The only difference between the 'baked in' Office Copilot (which is literally now the Office 'apps' landing page) and the M365 copilot is that the latter purportedly will not use your tenant data to train models.
The app is functionally the same, and the only business units who want M365 paid version rolled out are governance and IT. All staff just use the free Copilot now or use other LLMs.
So if the app is functionally the same for user output, I guess the only way they can go is to remove the free one and have people clamour for the company to pay to get it back? So like, hopefully it may disappear from some parts of the Microsoft suite?

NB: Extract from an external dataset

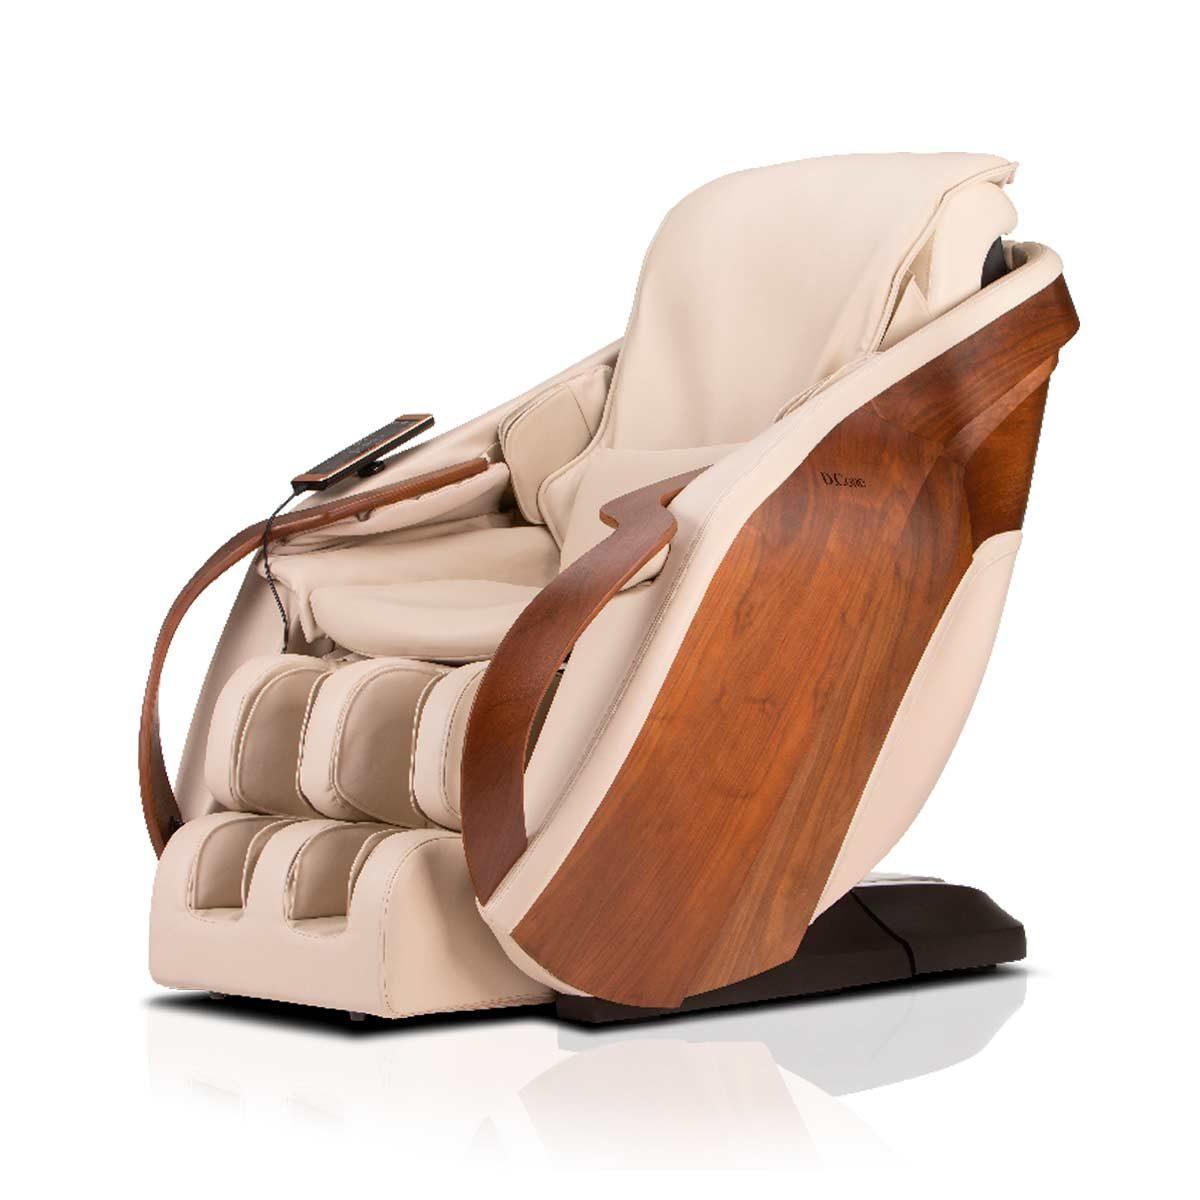 D.Core Cirrus massage chair cream hero

I've been using Windows since 3.1 and Microsoft stopped making good decisions after XP. They're such a bloated company that they're institutionally incapable of coming up with something new that's good, only doubling down on the things that have brand recognition. I could totally see them do something like make copilot run locally in the way Deepseek does but still charge a subscription fee to unlock half the functionality of Windows 12 with it.
This sounds plausible. They'd still need to strike a balance so they can retain some of the data for training, presumably, so it wouldn't be 100% local? Who knows, they may do something similar with paywalled logic models that require online compute, and then hamstring the local only version. We'll see.
i mean 7 was nice.
7 was inoffensive and I'd go back to it over 11, but I liked Windows 7 because it felt like they undid all the Vista shit to restore Windows XP with a more modernised UI.